Выбрать главу

Идучи в Эрмитаж, Лаврентий сомневался, вспомнит ли его Федор Антонович. Когда-то, в первый год пребывания в академии, он так одобрил Серякова… Но профессор славился забывчивостью и рассеянностью. Вот забыл, видно, что когда-то обещал пустить в Эрмитаж посмотреть картины, когда не будет посетителей. Но это пустяки, забывает вещи поважнее. И на память Серякову приходили рассказы о том, насколько Бруни «не от мира сего».

Рассказывали, что однажды, едучи в Царское Село и оказавшись в купе вдвоем с незнакомой дамой, Федор Антонович, восхищенный красотой ее бархатной накидки, принялся молча драпировать складки так и эдак на коленях соседки. Полагая, что едет с сумасшедшим, дама ни жива ни мертва едва дождалась остановки поезда. И только тут, подняв глаза на ее лицо и сообразив, что делал, Бруни принялся извиняться.

Возвращаясь как-то летом на дачу, профессор купил для младшего сына игрушечную лошадку — раскрашенную головку на длинной палке. Приехав на Аптекарский остров и отворив калитку, Бруни сел на палочку и лихо поскакал по дорожке к балкону, где встретил его дружный хохот незнакомых людей. По ошибке он «въехал» в сад чужой, соседней дачи.

На званых вечерах Федор Антонович по рассеянности брал в передней из рук выездного лакея его цилиндр с галунной кокардой и входил с ним в гостиную. Он долго носил в кармане полученное жалованье, удивляясь и негодуя вместе с женой, почему его до сих пор не выдают. Забывал надеть или путал ордена, прикрепляя их не там, где полагалось, невпопад повязывал белые или черные галстуки, строго предписанные на свадьбах, похоронах или официальных приемах.

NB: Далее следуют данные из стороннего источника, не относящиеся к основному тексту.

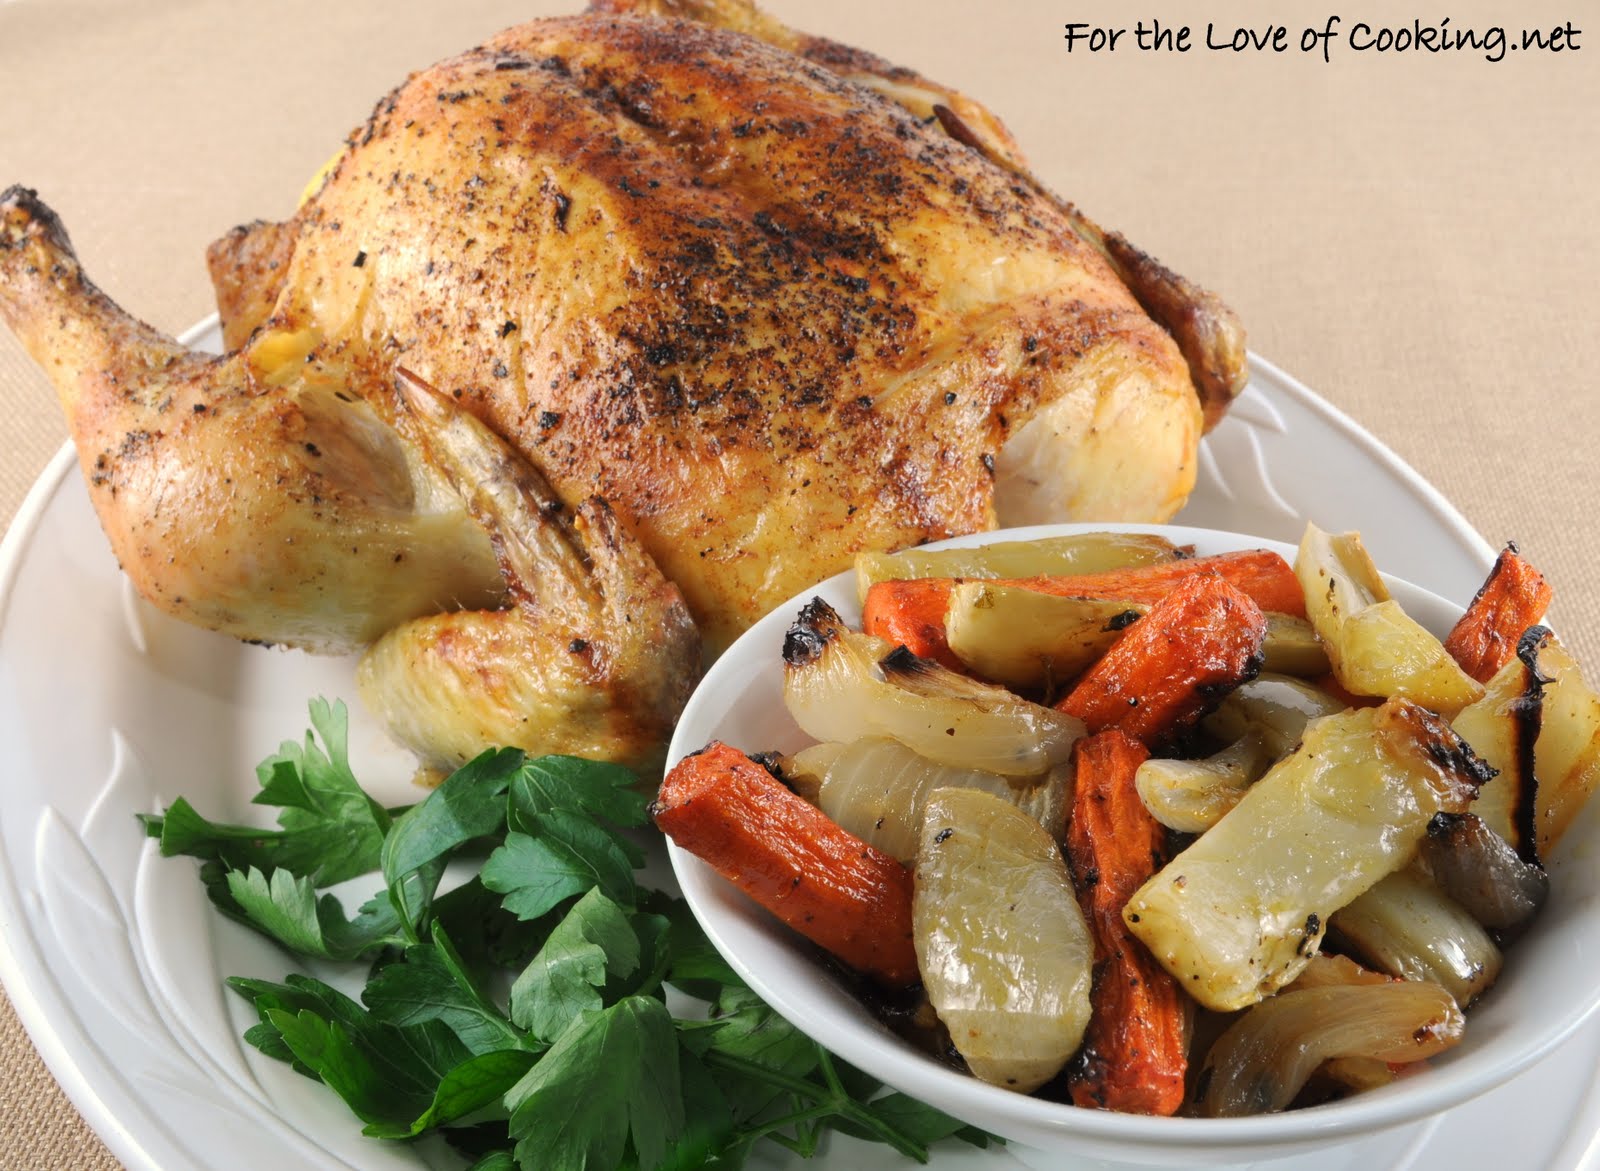 Roasted Chicken with Carrots, Fennel, and Onion | For the Love of Cooking

Таких рассказов ходило о Бруни по городу великое множество, и теперь Лаврентий с тревогой думал, удастся ли ему привлечь к себе внимание рассеянного профессора и получить от него действительно нужный совет.

Хотя новый Эрмитаж был уже около года открыт для публики, Серяков знал его только снаружи. Он хорошо помнил встречу с сердитым полковником в Эрмитажной галерее. «Нет уж, дождусь, пока смогу радоваться искусству без дрожи в коленях», — говорил он себе, когда товарищи с восторгом рассказывали о том, что видели в новом музее.

Теперь другое дело — он шел в Эрмитаж с пакетом из академии, шел, чтобы получить законное право постоянно бывать там для работы.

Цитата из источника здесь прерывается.